Who knew Herman Melville was so forward thinking?



Tuesday, January 13, 2009

A dawn obscured by slight sky raining



Well, I did it. I made my first bento. Not real pretty. Not real fancy. But it is Bento-esk. I don't know if I can honestly call it an ongiri - It's more of a mooshed together rice ball, surrounded by celery Kinpira, carrot/parsley sesame salad, and 3 pot stickers that were in the freezer. Oh, and the apple. At least Brody was interested in counter surfing for it.

Monday, January 12, 2009

sleep walking through the all-nite drug store

One of my favorite lines from an Ani DiFranco song. And it so aptly describes my life at the moment. I've been struggling with depression for quite some time, trying to deal with it on my own. And failing. Tim sometimes asks me what I think my good qualities are. Undeniably, I answer failing and sucking. Not the literal act of sucking. Rather the inability to do something well, kind of sucking. And so I've sought help. I can't keep living like this, hating myself, hating what I do, or don't do... So I join the land of Pharmacopia. They assure me it won't hurt. Rather reminds me of the "Comfortably Numb" song from Pink Floyd. Odd how I relate songs to my emotional state. That someone else could express what I'm feeling better than I can. Well, rather than whine and complain about my life here's the picture of the day. Tim and I on Pfieffer State Beach, Big Sur. May 2008. It was so much fun! And now the rest of the Ani song Superhero.
sleep walking through the all-nite drug store
baptized in fluorescent light
i found religion in the greeting card aisle
now i know hallmark was right
and every pop song on the radio
is suddenly speaking to me
art may imitate life
but life imitates t.v.
'cuz you've been gone exactly two weeks
two weeks and three days
and let's just say that things look different now
different in so many ways

i used to be a superhero
no one could touch me
not even myself
you are like a phone booth
that i somehow stumbled into
and now look at me
i am just like everybody else

if i was dressed in my best defenses
would you agree to meet me for coffee
if i did my tricks with smoke and mirrors
would you still know which one was me
if i was naked and screaming
on your front lawn
would you turn on the light and come down
screaming, there's the asshole
who did this to me
stripped me of my power
stripped me down

i used to be a superhero
no one could hurt me
not even myself
you are like a phone booth
that i somehow stumbled into
and now look at me
i am just like everybody else

yeah you've been gone exactly two weeks
two weeks and three days
and now i'm a different person
different in so many ways
tell me what did you like about me
and don't say my strength and daring
'cuz now i think i'm at your mercy
and it's my first time for this kind of thing

i used to be a superhero
i would swoop down and save me
from myself
but you are like a phone booth
that i somehow stumbled into
and now look at me
i am just like everybody else

Sunday, January 11, 2009

Let's try this again!

Alright, let's try this again.
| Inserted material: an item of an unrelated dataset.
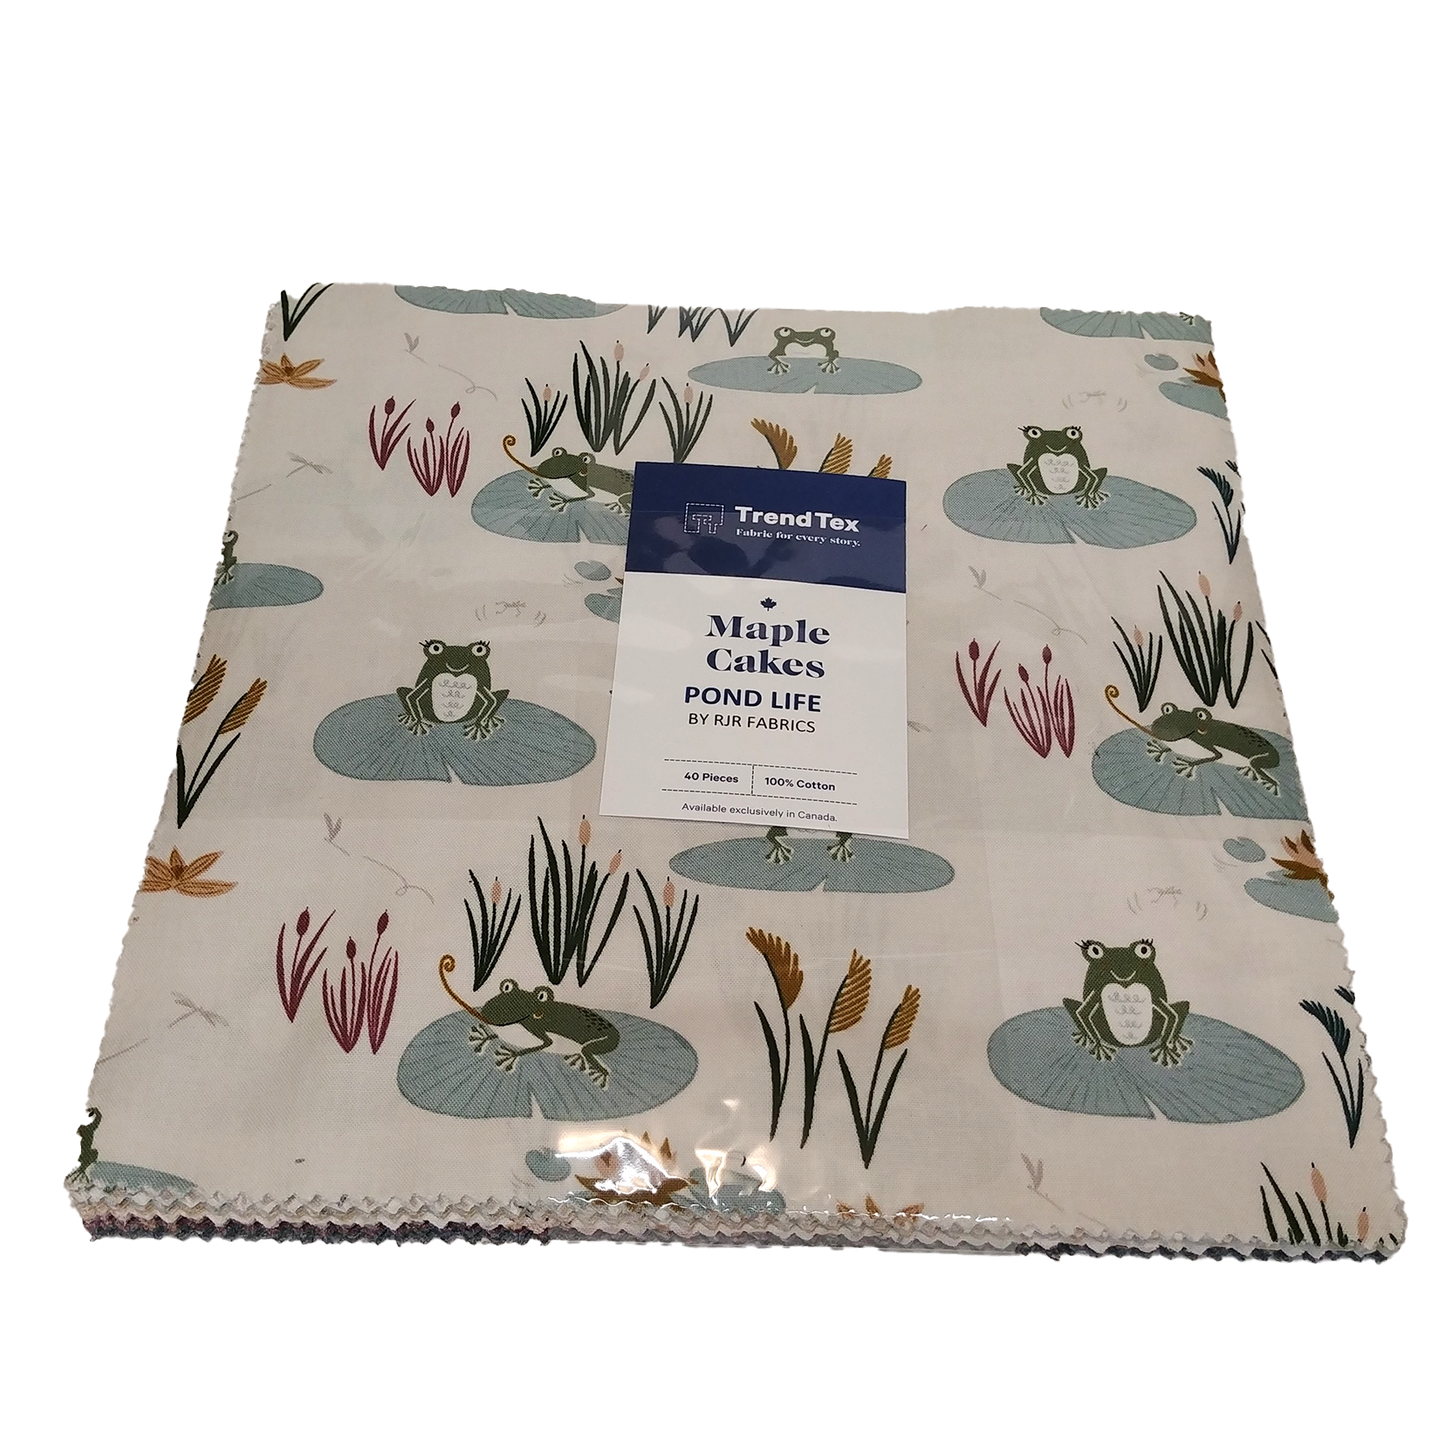 Pond Life (RJR Fabrics) - Maple Cake

I've been told to keep a journal, diary, blog... or something :) in order to express myself. Or something. I find that I don't really have much to say at the moment. Other than I'm having a personal crisis. But I'll have to work that out on my own. I guess. So since I have little to say here's the picture of the day!
Mum and I getting ready to kayak down the Wisconsin and Mississippi Rivers at the Wyalusing State Park. (Thanks Rose for taking the picture!)